CSF levels of established Alzheimer's disease (AD) biomarkers remain stable despite disease progression, and non-amyloid non-tau biomarkers have the potential of informing disease stage and progression. We previously identified complement 3 (C3) to be decreased in AD dementia, but this change was not found by others in earlier AD stages. We hypothesized that levels of C3 and associated factor H (FH) can potentially distinguish between mild cognitive impairment (MCI) and dementia stages of AD, but we also found their levels to be influenced by age and disease status.
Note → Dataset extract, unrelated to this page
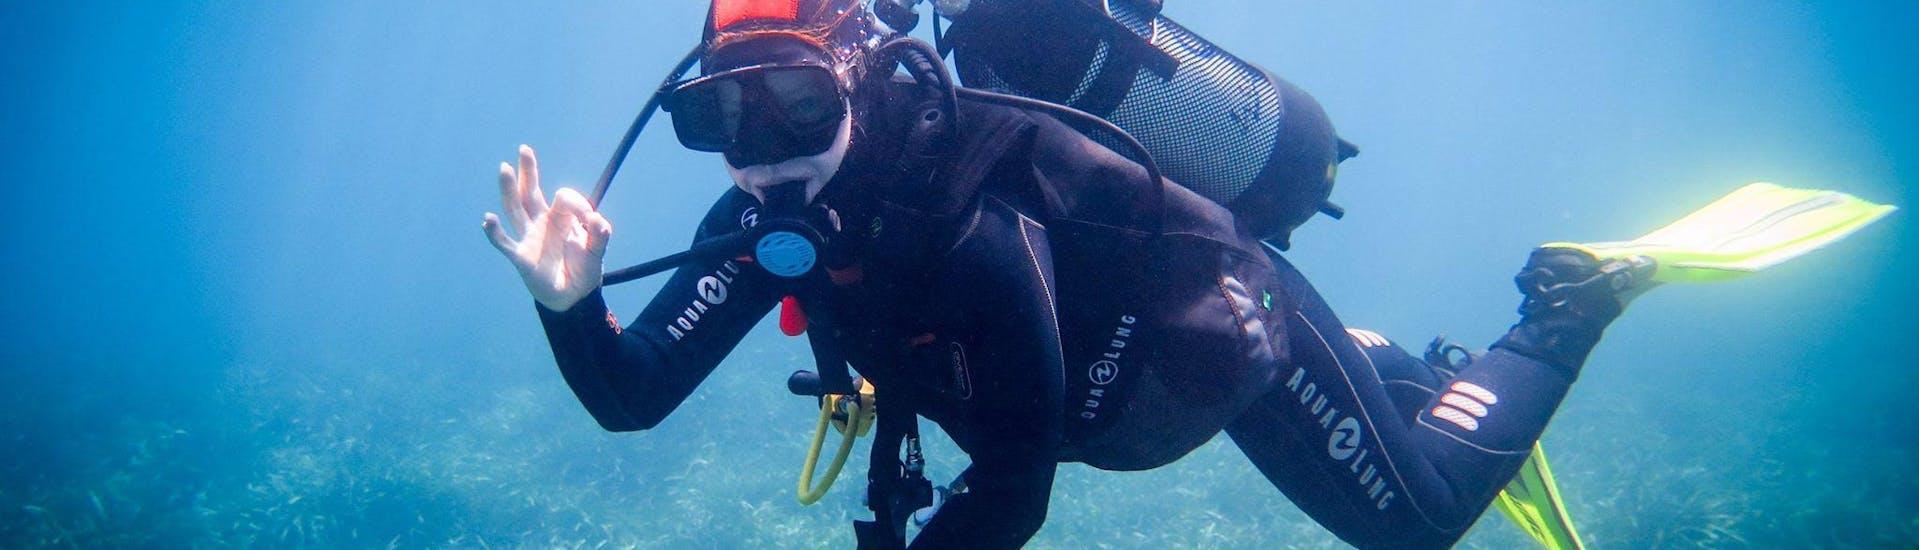 PADI Discover Scuba Diving in Qawra Bay

We developed a biochemical/bioinformatics pipeline to optimize the handling of complex interactions between variables in validating biochemical markers of disease. We used data from the Alzheimer's Disease Neuro-imaging Initiative (ADNI, n = 230) to build parallel machine learning models, and objectively tested the models in a test cohort (n = 73) of MCI and mild AD patients independently recruited from Emory University. Whereas models incorporating age, gender, APOE ε4 status, and CSF amyloid and tau levels failed to reliably distinguish between MCI and mild AD in ADNI, introduction of CSF C3 and FH levels reproducibly improved the distinction between the two AD stages in ADNI (p < 0.05) and the Emory cohort (p = 0.014). Within each AD stage, the final model also distinguished between fast vs. slower decliners (p < 0.001 for MCI, p = 0.007 for mild AD), with lower C3 and FH levels associated with more advanced disease and faster progression.
We propose that CSF C3 and FH alterations may reflect stage-associated biomarker changes in AD, and can complement clinician diagnosis in diagnosing and staging AD using the publically available ADNI database as reference.